Его нет. Море стало чёрным. Солнце исчезло. Нет всей этой красоты. Темно…
– Вадиииим!
– Девушка, девушка! Вам плохо? Вы так стонали.
Я заснула и проехала свою станцию.
Хватаюсь за телефон: "Ты жив?"
– Ты чего? Конечно, жив!
Ночью четырехлетняя Тоня кричит и зовёт папу. Днём на каждый шорох бегает к двери и смотрит, не пришел ли он. Просится в деревню. Я обещаю. Но как я поеду без Вадима? Там все – его руками. Все им дышит. Я не смогу.
Какая-то девочка в храме сказала Соне: «У твоего папы рак». У дочки нервный срыв, поднялась температура. Два дня не ходим в школу. Шестилетняя Дуня собралась навсегда в монастырь – молиться за папу, и чтобы у нас все было хорошо. А пока она сама научилась кормить Машу.
Маленькая Машенька, которая с рождения спала отдельно в кроватке, с того первого дня, как увезли мужа, просится ночами ко мне. Как чувствует. Жалеет. Греет меня своим солнечным бочком. И мне чуть легче.
Каждые пять минут звоню в больницу.
– Лучше?
– Нет.
– Но хотя бы не хуже?…
На стуле его рубашка. Как же меня раздражали эти его рубашки на стуле. Беру, прижимаю к лицу. Его запах. Такой родной. Хочу убрать в шкаф. Нет, пусть висит здесь. Как будто он дома.
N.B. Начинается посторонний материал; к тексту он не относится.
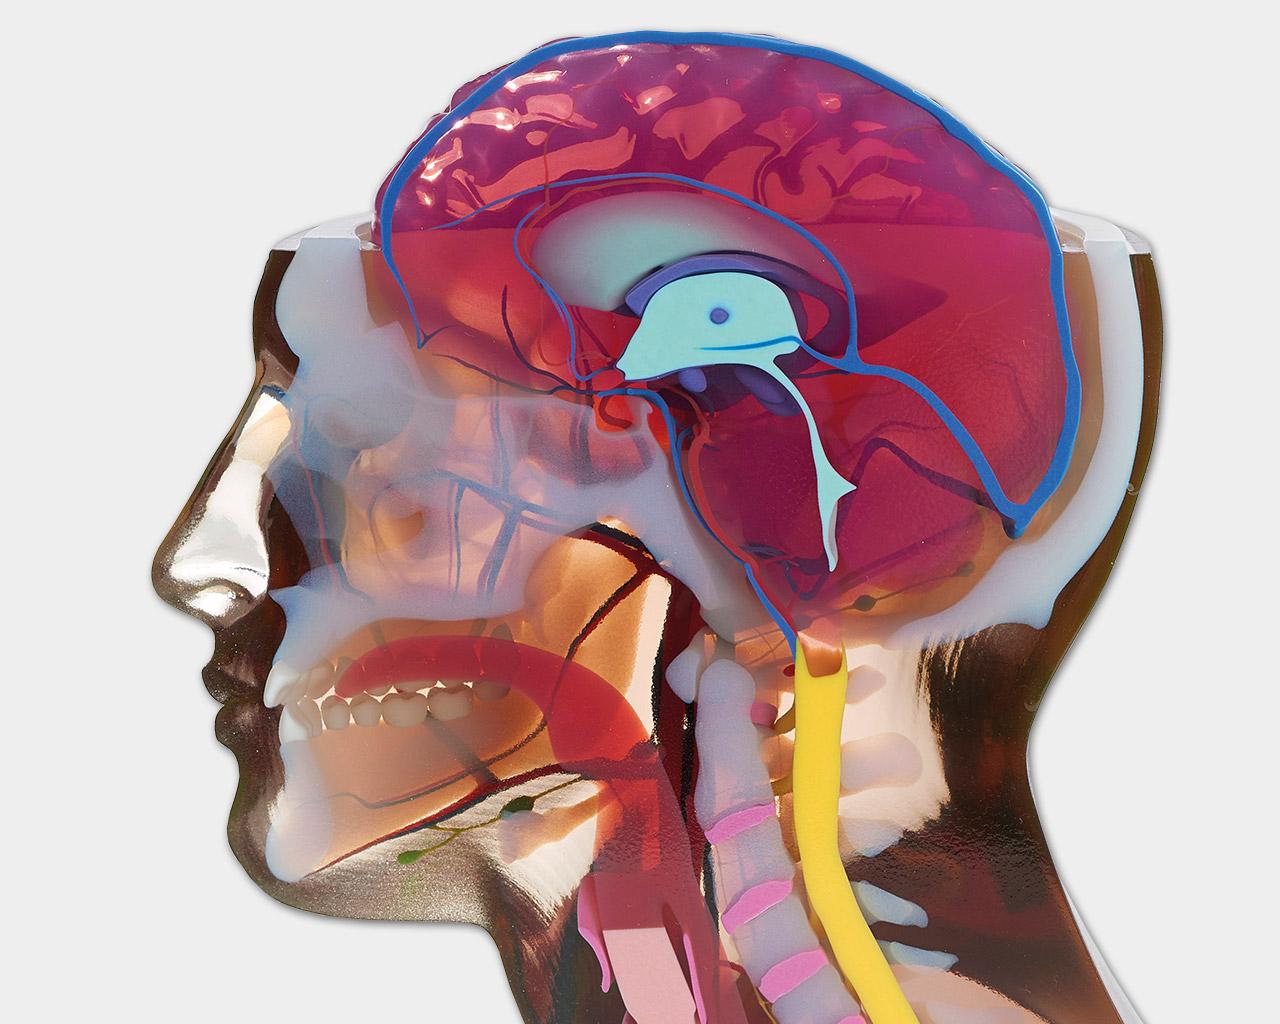 Vollfarb 3D Druck Anwendung Medizin

Встречаю его из наркоза после операции и больше всего боюсь, что он не проснётся. Вечером с детьми мы читаем канон «Богородице».
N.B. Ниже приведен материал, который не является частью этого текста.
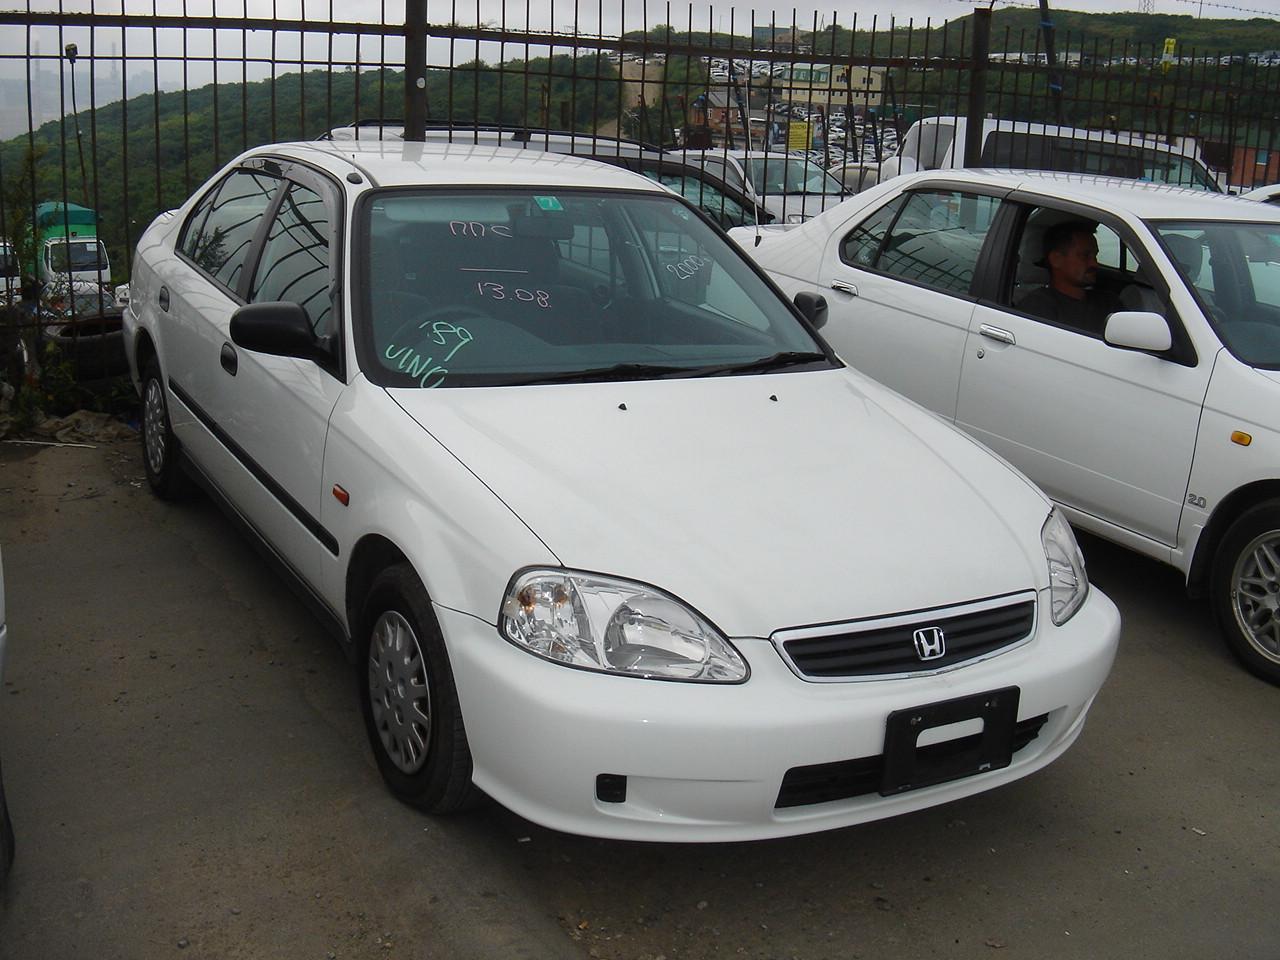 honda 2000 civic hybrid ff 2003 cars automatic fuel specs 1280px 317kb 960px directory transmission

Звонит Вадим: "Температура немного спала." Слава Богу! А потом опять полезла вверх.
Девять вечера… Какой-то врач посоветовал мужу поменять антибиотик. Но его надо покупать самим, он дорогой, есть не везде и только по рецепту.
В двадцать два тридцать я уже «ломлюсь» в больницу с этим антибиотиком. Как я его взяла без рецепта – не важно. Врач улыбнулся, строгая медсестра впервые назвала меня на «ты» и сказала что-то успокоительное.
Уходя, я прочитала на двери ординаторской: «Вадим Прищепа. Тяжелый. Реанимационной бригаде быть готовой». Бетонная плита стала тяжелее…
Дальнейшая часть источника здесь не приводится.